Required work: Each entry must be given again exactly; images do not belong in the copy.

Dataset:
+---+
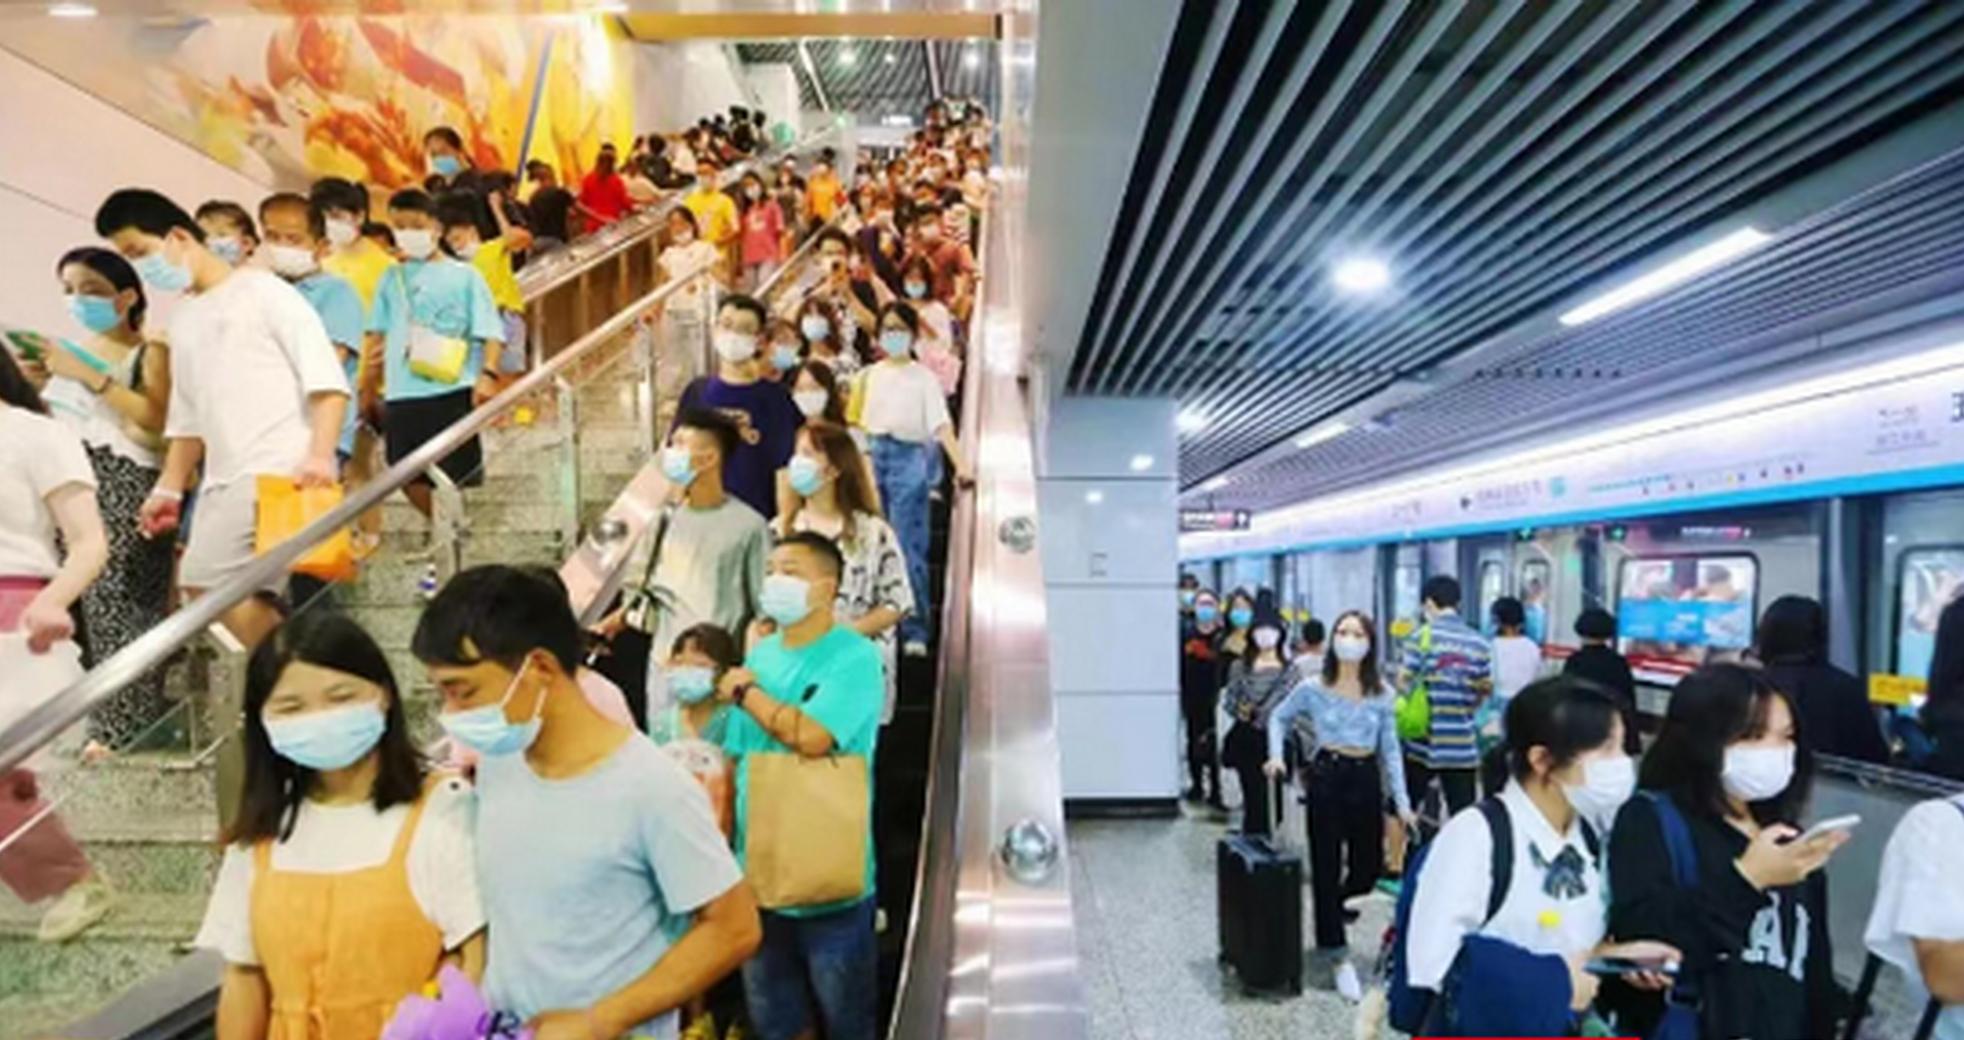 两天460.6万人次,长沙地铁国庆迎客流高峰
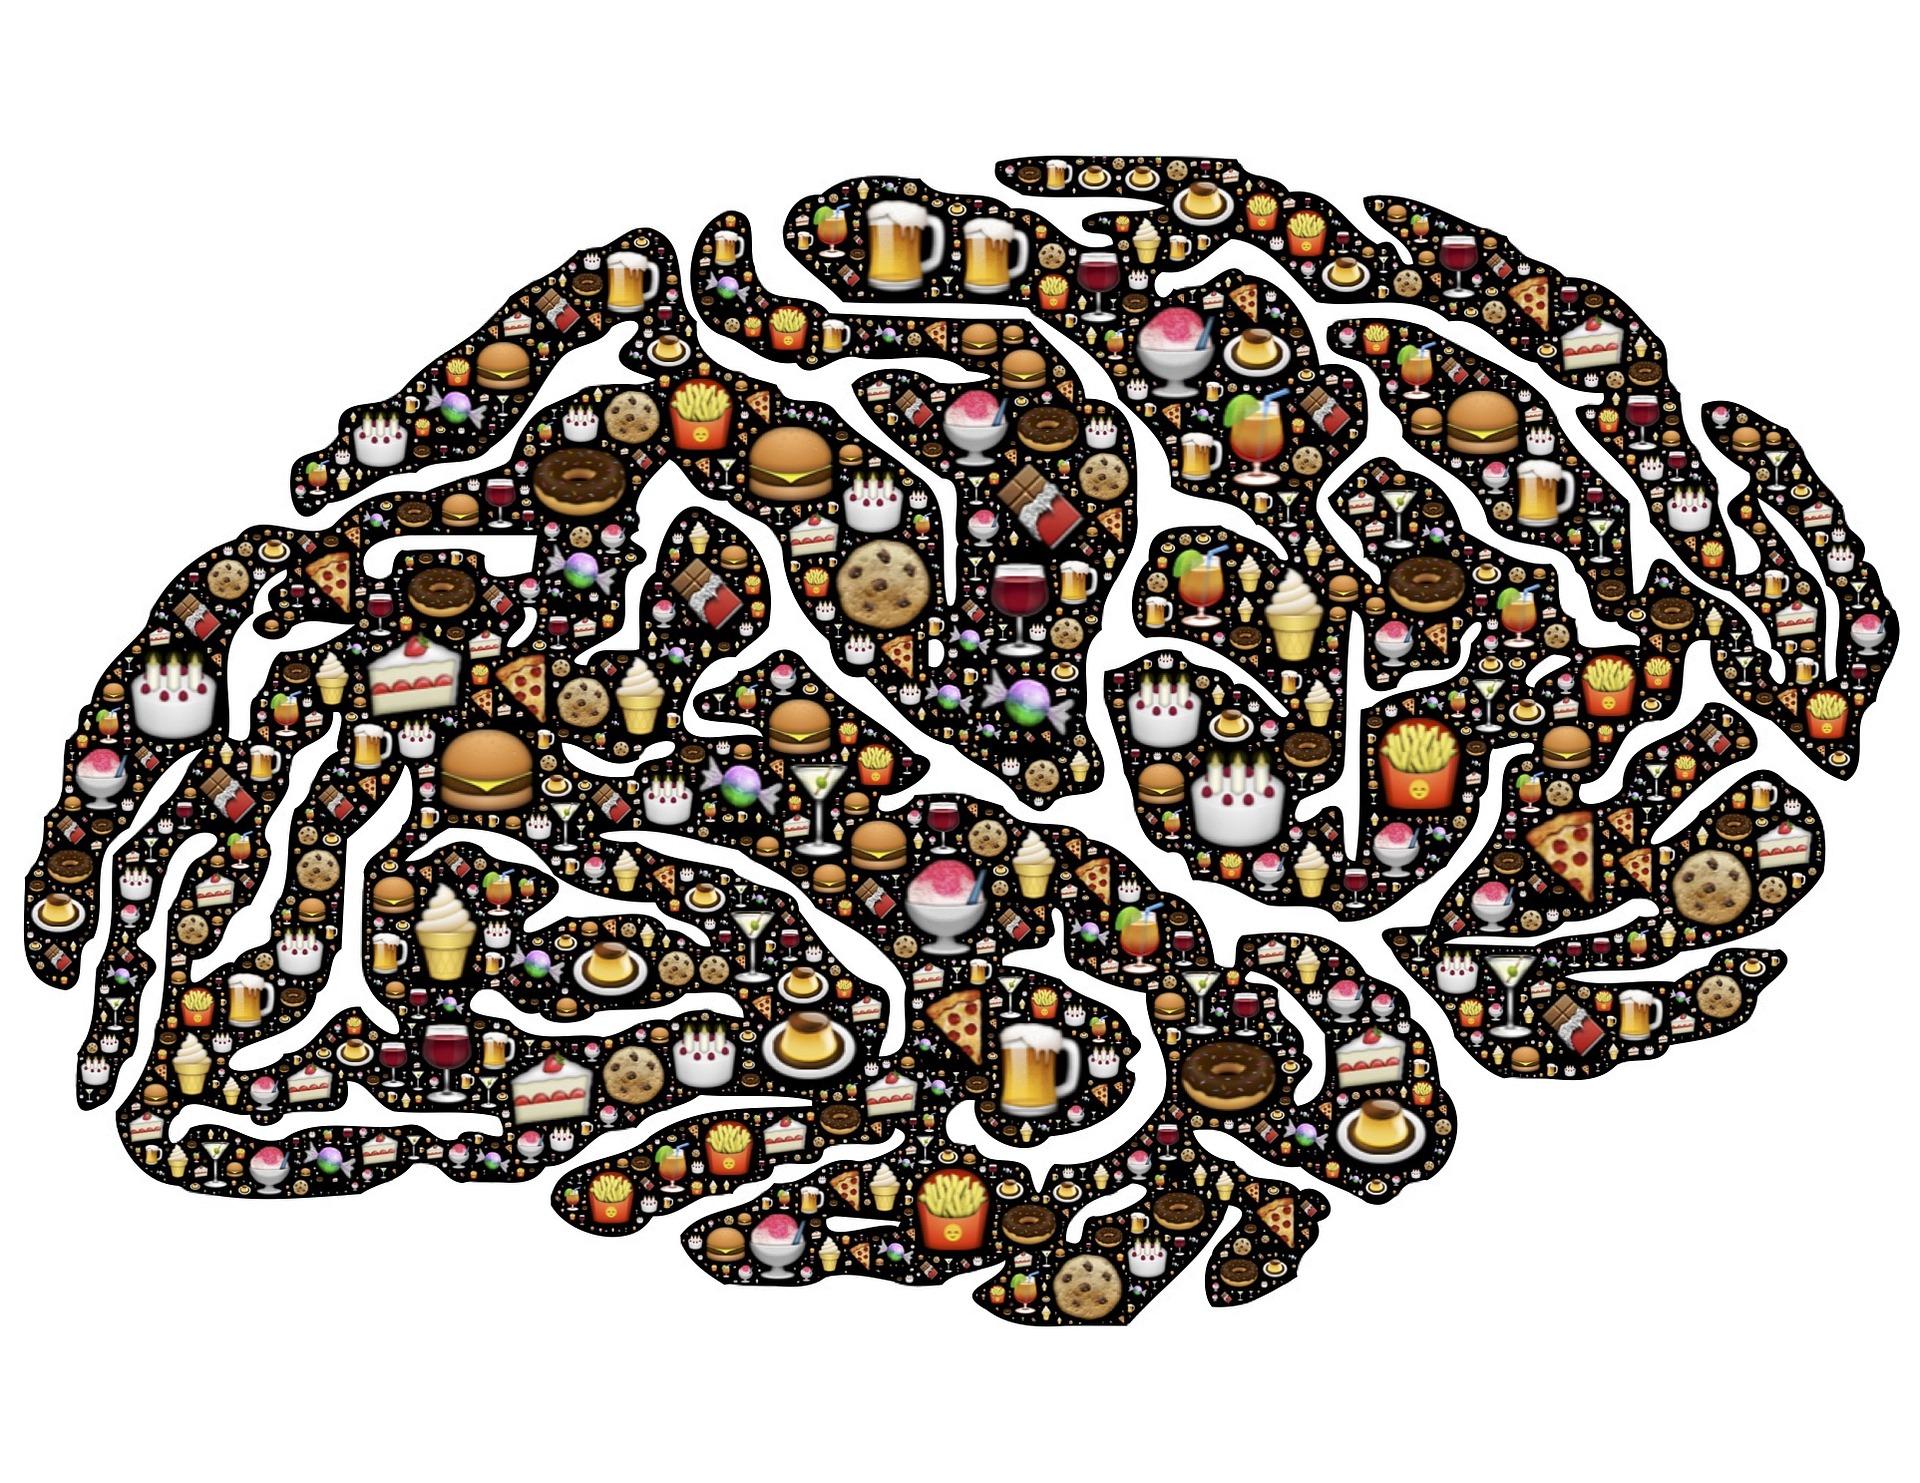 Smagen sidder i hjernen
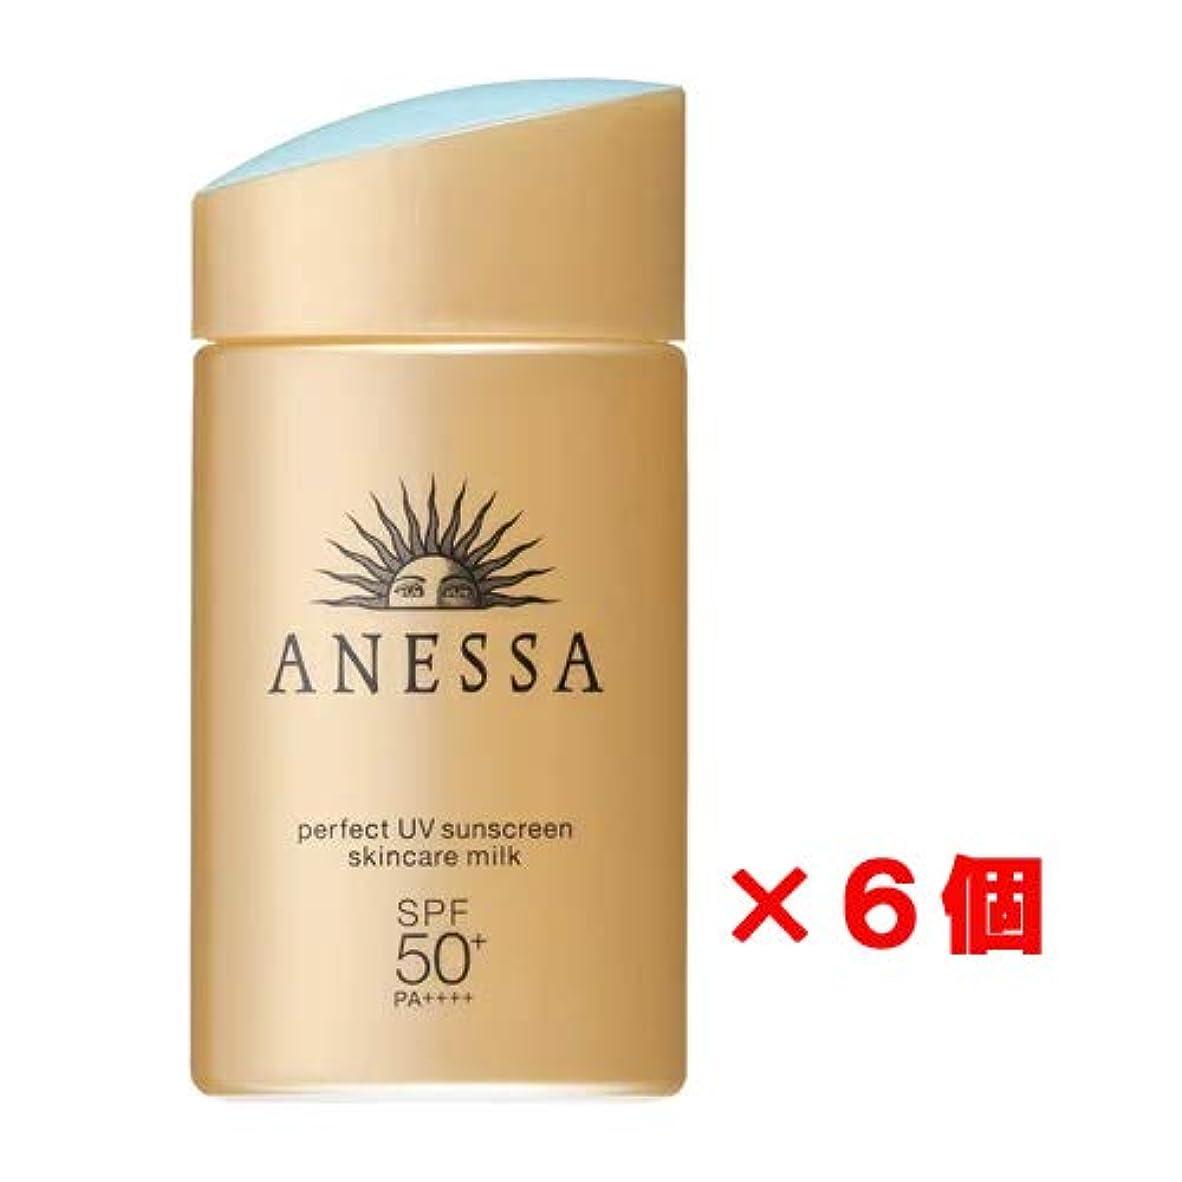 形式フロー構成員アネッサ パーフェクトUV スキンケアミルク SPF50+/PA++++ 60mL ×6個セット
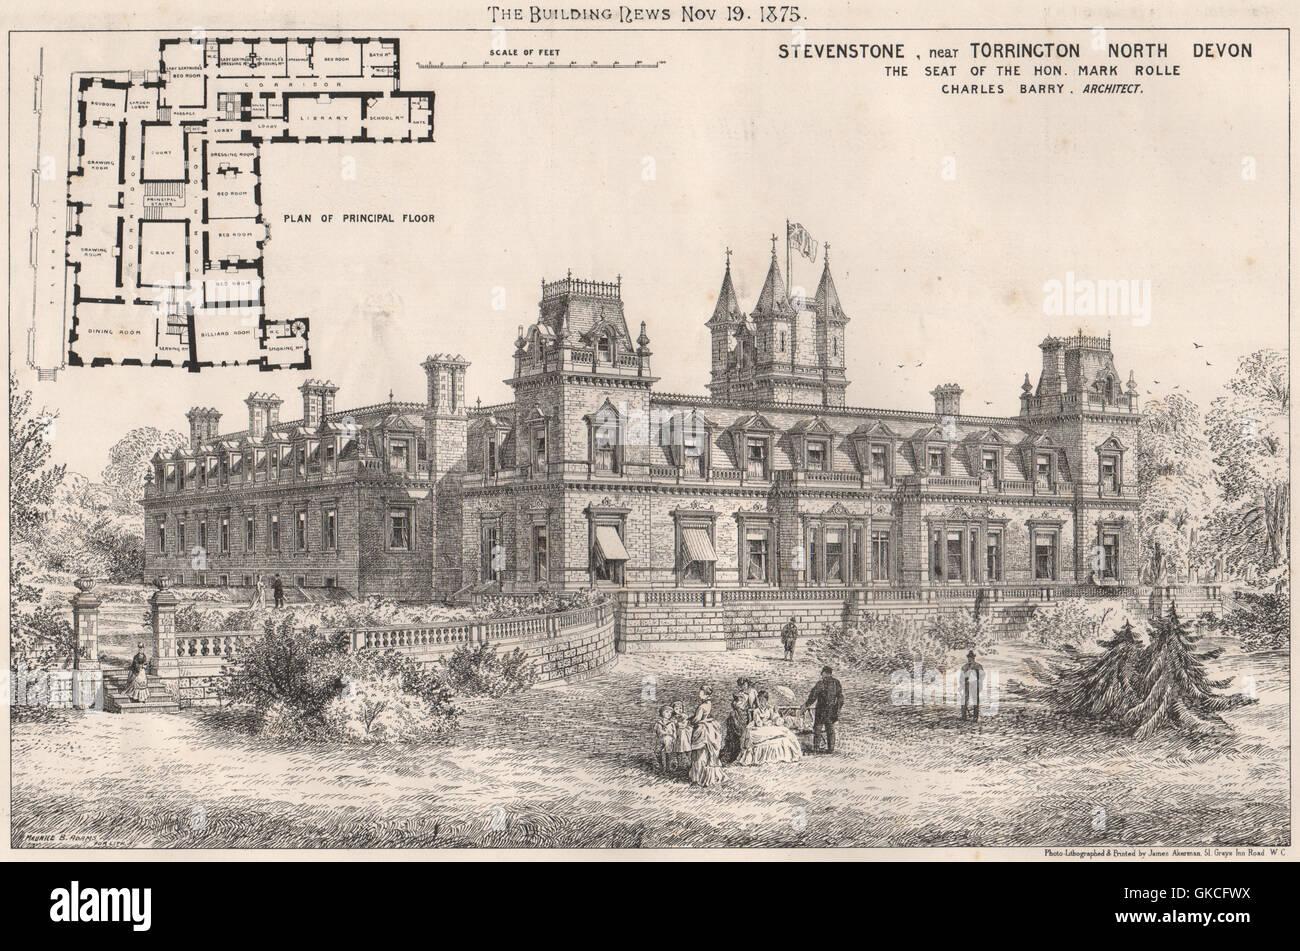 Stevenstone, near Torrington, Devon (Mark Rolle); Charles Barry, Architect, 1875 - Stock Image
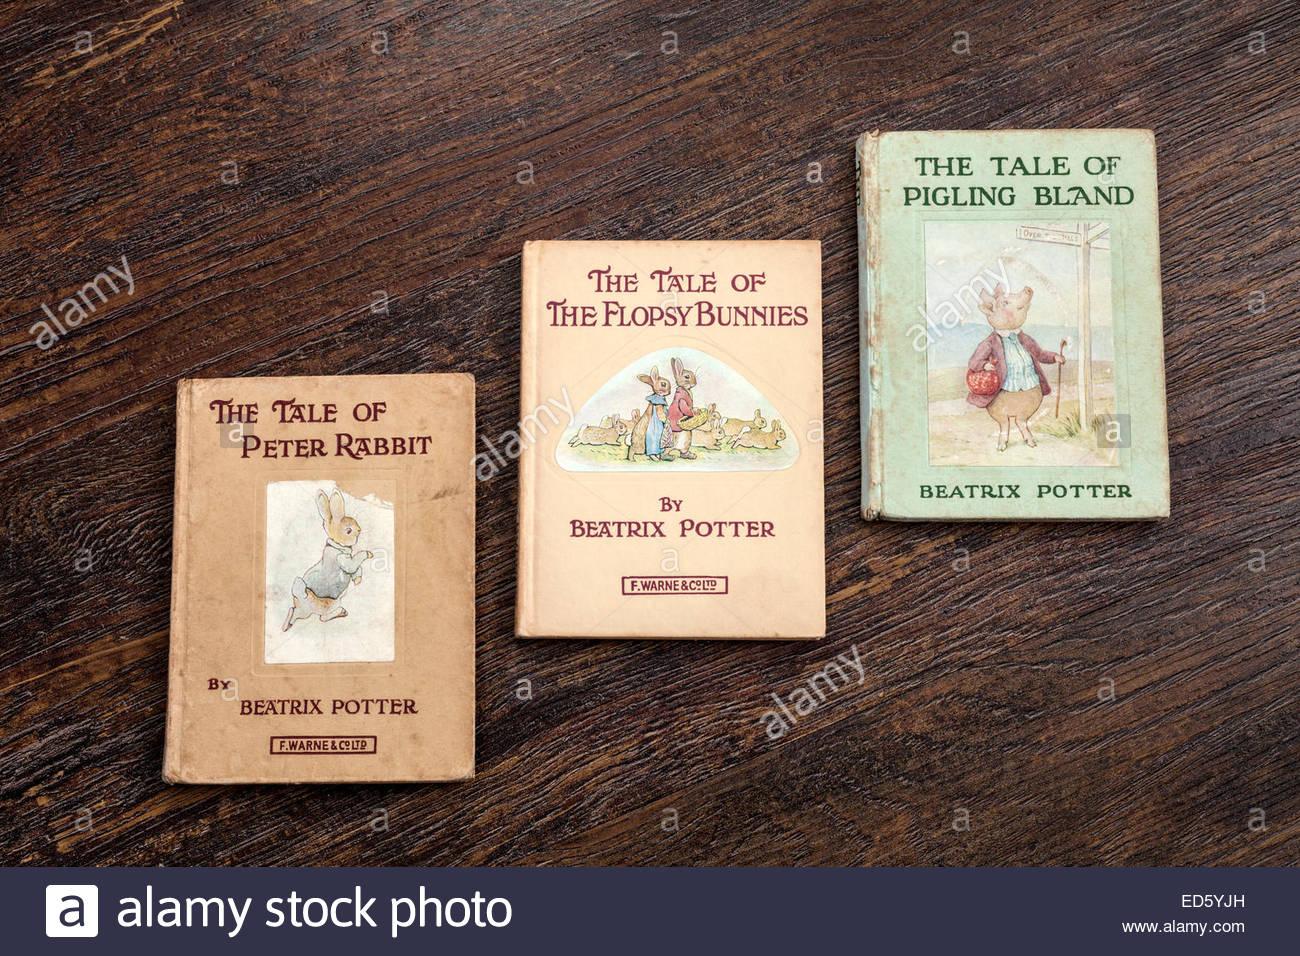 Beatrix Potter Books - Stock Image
+---+
Result below:
 两天460.6万人次,长沙地铁国庆迎客流高峰
 Smagen sidder i hjernen
 形式フロー構成員アネッサ パーフェクトUV スキンケアミルク SPF50+/PA++++ 60mL ×6個セット
 Stevenstone, near Torrington, Devon (Mark Rolle); Charles Barry, Architect, 1875 - Stock Image
 Beatrix Potter Books - Stock Image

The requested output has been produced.